What’s the price Risch would pay for exercising his constitutional duty and speaking boldly about America coming to the defense of Ukraine? No doubt, he would face opposition in the next Republican primary, but he is already too old to serve, so why not go out in a blaze of glory?

Trump would attack Risch for leaving the MAGA fold, perhaps, but Risch’s legacy would be one his grandchildren could cherish long after Trump is gone, and Idahoans could hold him up in history as showing courage to fight for the Ukrainian people.

Don’t hold your breath for that version of Idaho history.
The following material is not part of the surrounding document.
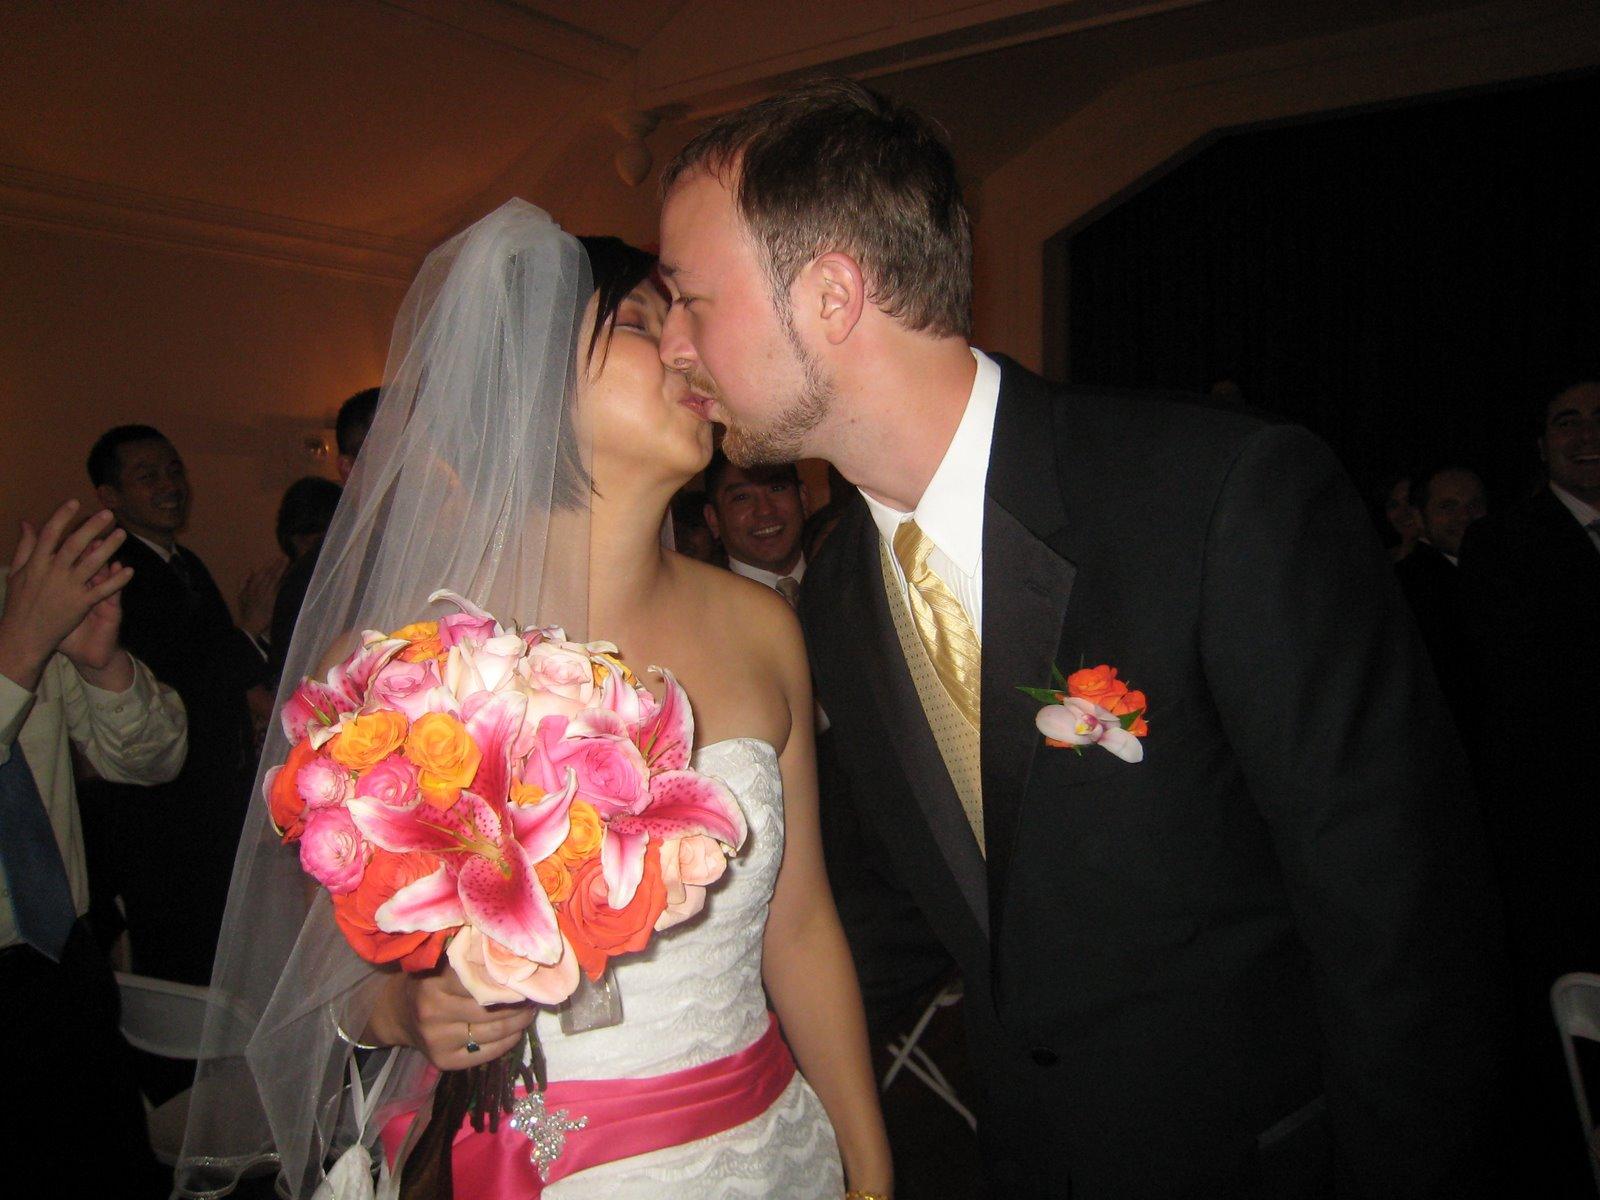 [Baird+Wedding+bouquet]

Whatever kind of conscience Risch hides from public view, it does not include coming to the rescue of men, women and children murdered in Putin’s invasion and slaughter, not with the almighty Trump taking the place of a God who knows better.

Glory to Ukraine and the young women flyers who modeled for today’s elected representatives what real courage looks like.

Bob Kustra served as president of Boise State University from 2003 to 2018. He is host of Readers Corner on Boise State Public Radio , a regular columnist for the Idaho Statesman and a contributing columnist for the Chicago Tribune. He served two terms as Illinois lieutenant governor and 10 years as a state legislator.